• Exercise goal
Using the entries below, return word for word the lines from the one containing "Classic Holiday Makeup Look" up to and including the last.

··········

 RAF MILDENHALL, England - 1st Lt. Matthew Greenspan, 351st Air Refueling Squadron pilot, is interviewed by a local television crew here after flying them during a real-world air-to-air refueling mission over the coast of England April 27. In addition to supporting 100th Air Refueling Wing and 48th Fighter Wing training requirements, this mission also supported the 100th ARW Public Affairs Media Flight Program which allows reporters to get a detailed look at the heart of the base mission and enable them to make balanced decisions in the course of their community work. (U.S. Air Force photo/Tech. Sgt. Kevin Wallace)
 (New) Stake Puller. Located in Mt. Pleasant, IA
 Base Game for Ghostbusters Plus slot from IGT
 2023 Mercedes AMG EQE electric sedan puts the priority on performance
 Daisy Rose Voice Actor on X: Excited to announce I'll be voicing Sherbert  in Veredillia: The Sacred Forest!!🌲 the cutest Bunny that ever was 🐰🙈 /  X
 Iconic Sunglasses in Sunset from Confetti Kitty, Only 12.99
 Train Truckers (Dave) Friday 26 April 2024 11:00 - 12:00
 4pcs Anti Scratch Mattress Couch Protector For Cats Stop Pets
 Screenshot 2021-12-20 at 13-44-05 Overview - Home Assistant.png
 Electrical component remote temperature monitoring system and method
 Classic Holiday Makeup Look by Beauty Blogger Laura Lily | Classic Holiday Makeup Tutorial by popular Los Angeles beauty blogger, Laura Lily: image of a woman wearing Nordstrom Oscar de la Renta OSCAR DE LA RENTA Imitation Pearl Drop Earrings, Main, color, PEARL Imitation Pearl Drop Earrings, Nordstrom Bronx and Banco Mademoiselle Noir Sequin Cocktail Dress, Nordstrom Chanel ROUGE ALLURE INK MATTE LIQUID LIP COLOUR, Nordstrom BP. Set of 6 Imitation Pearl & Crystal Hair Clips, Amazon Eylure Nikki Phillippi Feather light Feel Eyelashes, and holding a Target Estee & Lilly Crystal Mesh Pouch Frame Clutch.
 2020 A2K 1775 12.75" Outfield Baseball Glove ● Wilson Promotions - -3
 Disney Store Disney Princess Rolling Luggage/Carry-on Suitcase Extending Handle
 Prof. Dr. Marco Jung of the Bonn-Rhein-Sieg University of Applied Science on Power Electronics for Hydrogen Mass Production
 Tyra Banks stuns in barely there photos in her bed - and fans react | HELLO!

··········

• Response for this exercise
 Classic Holiday Makeup Look by Beauty Blogger Laura Lily | Classic Holiday Makeup Tutorial by popular Los Angeles beauty blogger, Laura Lily: image of a woman wearing Nordstrom Oscar de la Renta OSCAR DE LA RENTA Imitation Pearl Drop Earrings, Main, color, PEARL Imitation Pearl Drop Earrings, Nordstrom Bronx and Banco Mademoiselle Noir Sequin Cocktail Dress, Nordstrom Chanel ROUGE ALLURE INK MATTE LIQUID LIP COLOUR, Nordstrom BP. Set of 6 Imitation Pearl & Crystal Hair Clips, Amazon Eylure Nikki Phillippi Feather light Feel Eyelashes, and holding a Target Estee & Lilly Crystal Mesh Pouch Frame Clutch.
 2020 A2K 1775 12.75" Outfield Baseball Glove ● Wilson Promotions - -3
 Disney Store Disney Princess Rolling Luggage/Carry-on Suitcase Extending Handle
 Prof. Dr. Marco Jung of the Bonn-Rhein-Sieg University of Applied Science on Power Electronics for Hydrogen Mass Production
 Tyra Banks stuns in barely there photos in her bed - and fans react | HELLO!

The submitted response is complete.